Before social media, you published a piece and you walked around free of it. My readership—a few hundred San Franciscans? At most? They were immaterial to me, and thank God. I probably sounded grandiose, overly sure of myself. The truth was I was testing my faith every time I wrote, faith in my own writing, in myself. I dreamed of trying a novel, but I was fearful and tentative and not getting ahead of myself. My Bay Guardian editor took me to dinner and told me I would write books and I didn’t believe him. Amis had already published two at my age. 

And yet I did something a little cocksure next, a little headlong, a bit Amis-y perhaps. I took my essay, composed a short note introducing myself, and folded both into an envelope. I wrote down the only address I could think of that might reach him: Martin Amis c/o Talk Miramax Books, New York, NY. Stuff a message into a bottle and toss it into the ocean. Why not? The stunt cost me a few dollars in stamps and not much else. I put it in a mailbox and forgot about it. There was no way it would reach him.

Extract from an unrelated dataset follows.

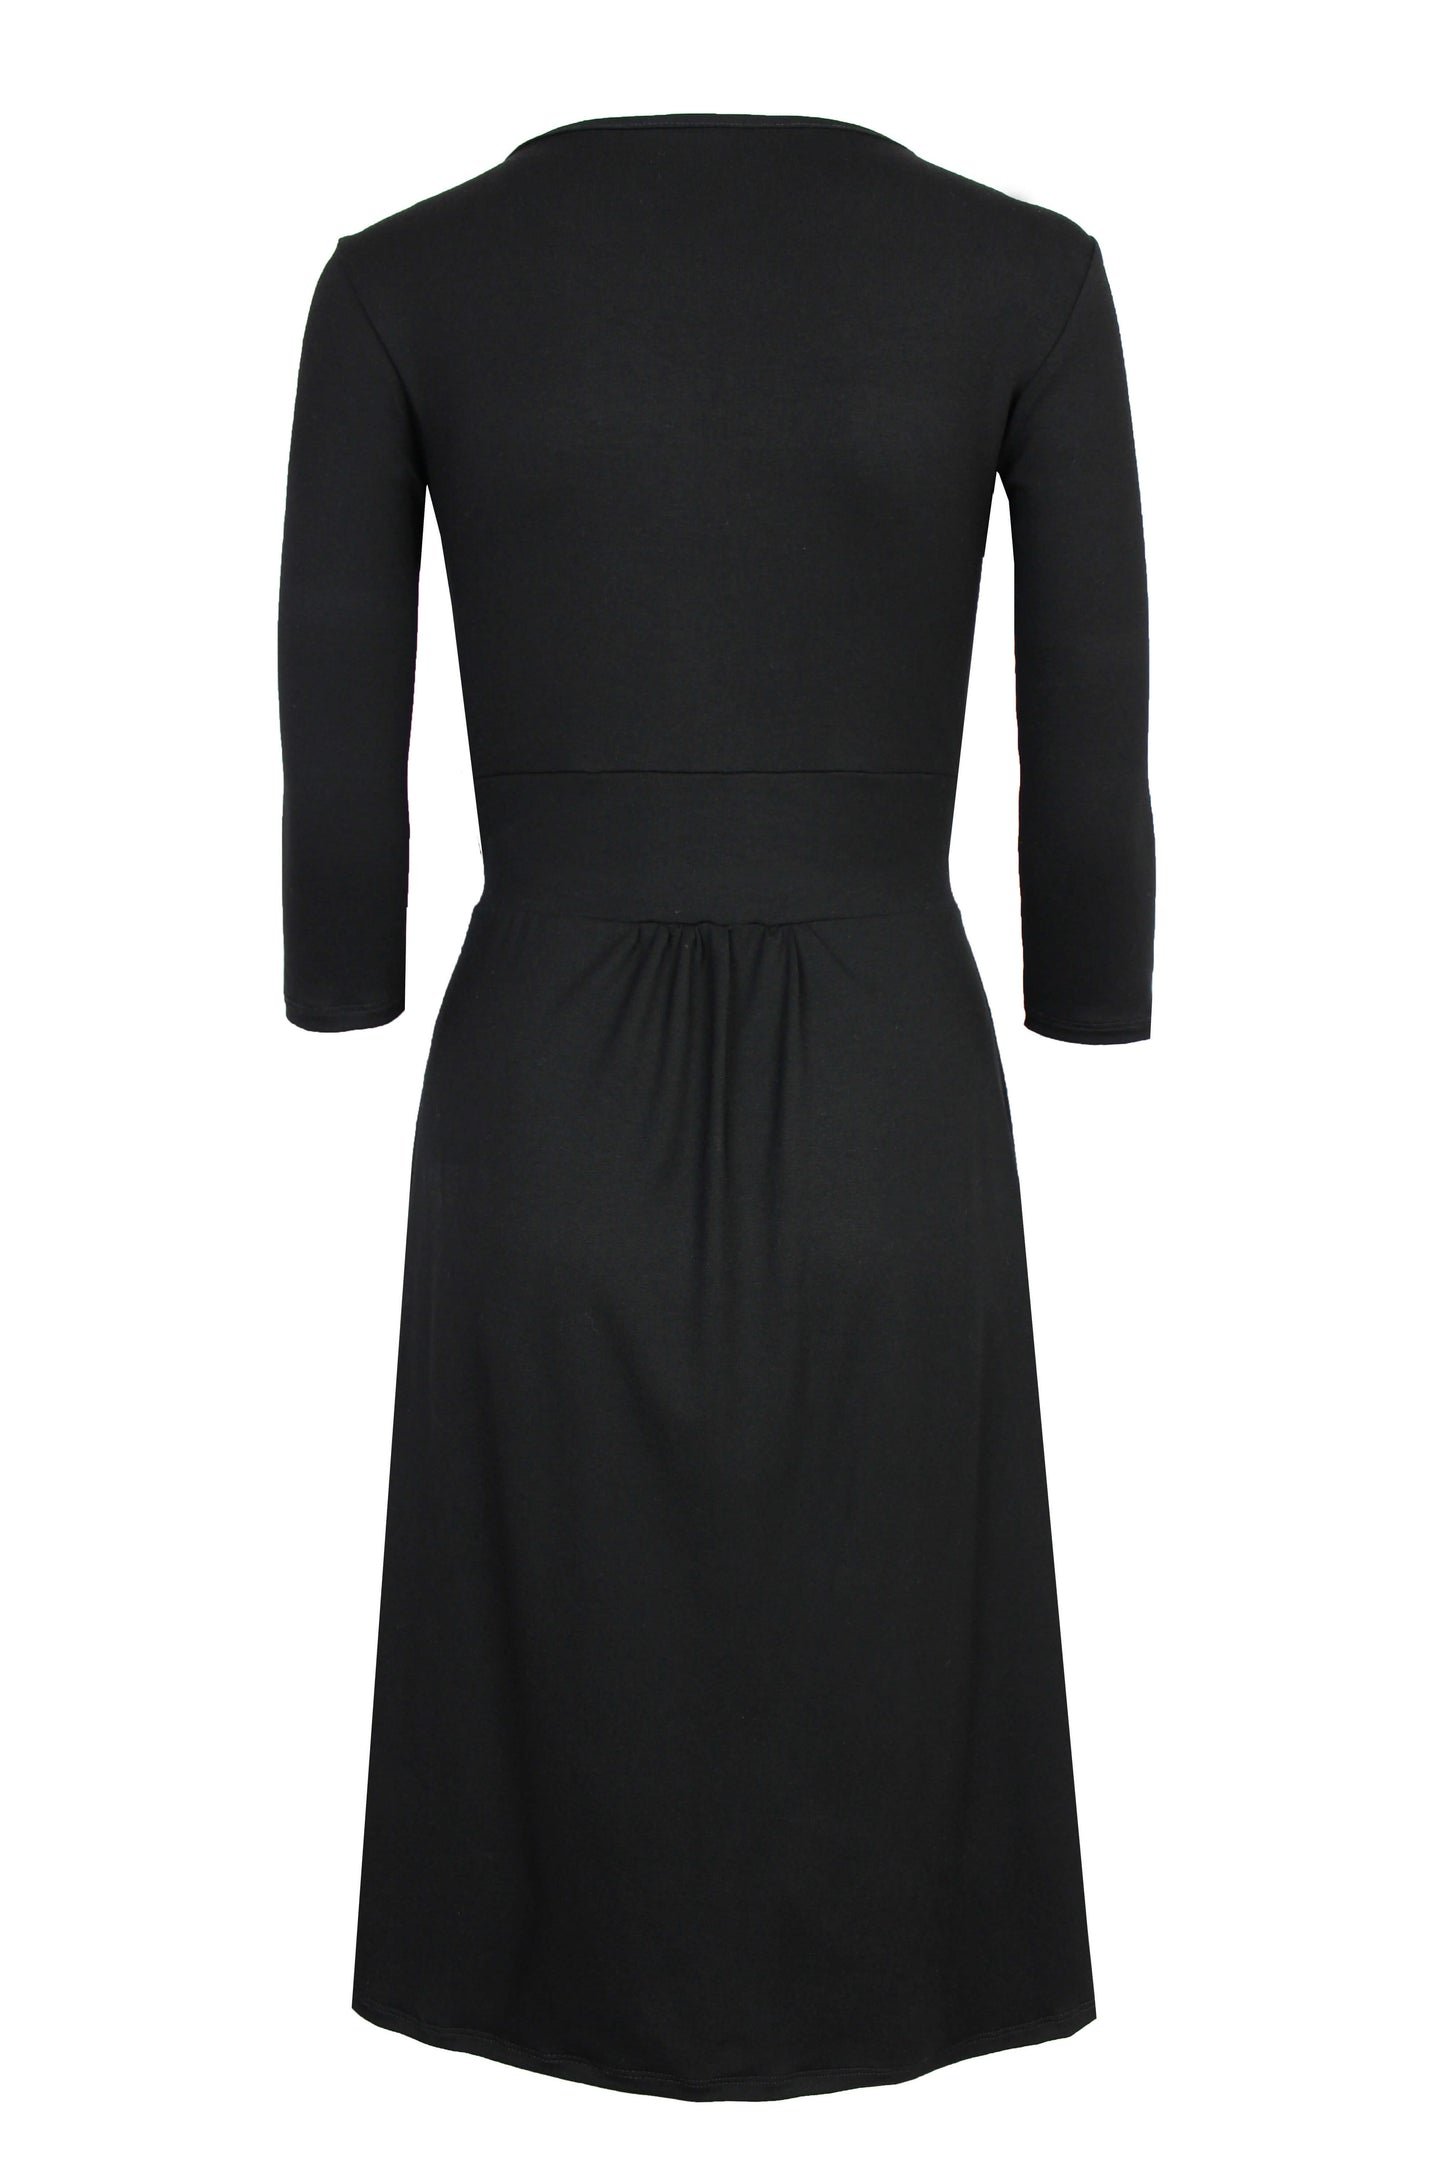 Elegantes, schwarzes Kleid aus Viskosejersey mit 3/4 Ärmeln und Raffungen von LA.LUKA Berlin in der Rückansicht.

I still marvel at the publishing assistants and editors who somehow received my letter and didn’t throw it out, but took the trouble to mail it along to Amis—and I marvel that he read it and I stagger to think, even now, what he must have thought and what inspired him to write me back. An airmail envelope arrived weeks later, return address London. Inside was a tri-folded page of A4. “Dear Taylor,” Amis had written. “I very much enjoyed your piece. Here is someone, I thought, who understands.” 

His death on Saturday hit me with a wave of grief, for surely at 73 he had more than a decade of writing in him. His last novel-as-autobiography, Inside Story, gave me that sense that Amis’s writing always did, that the world was larger, more gloriously lurid and sexy and death-struck and savage and hilarious than any of us could imagine. It brought that world into focus. A place I wanted to live in. A place I understood.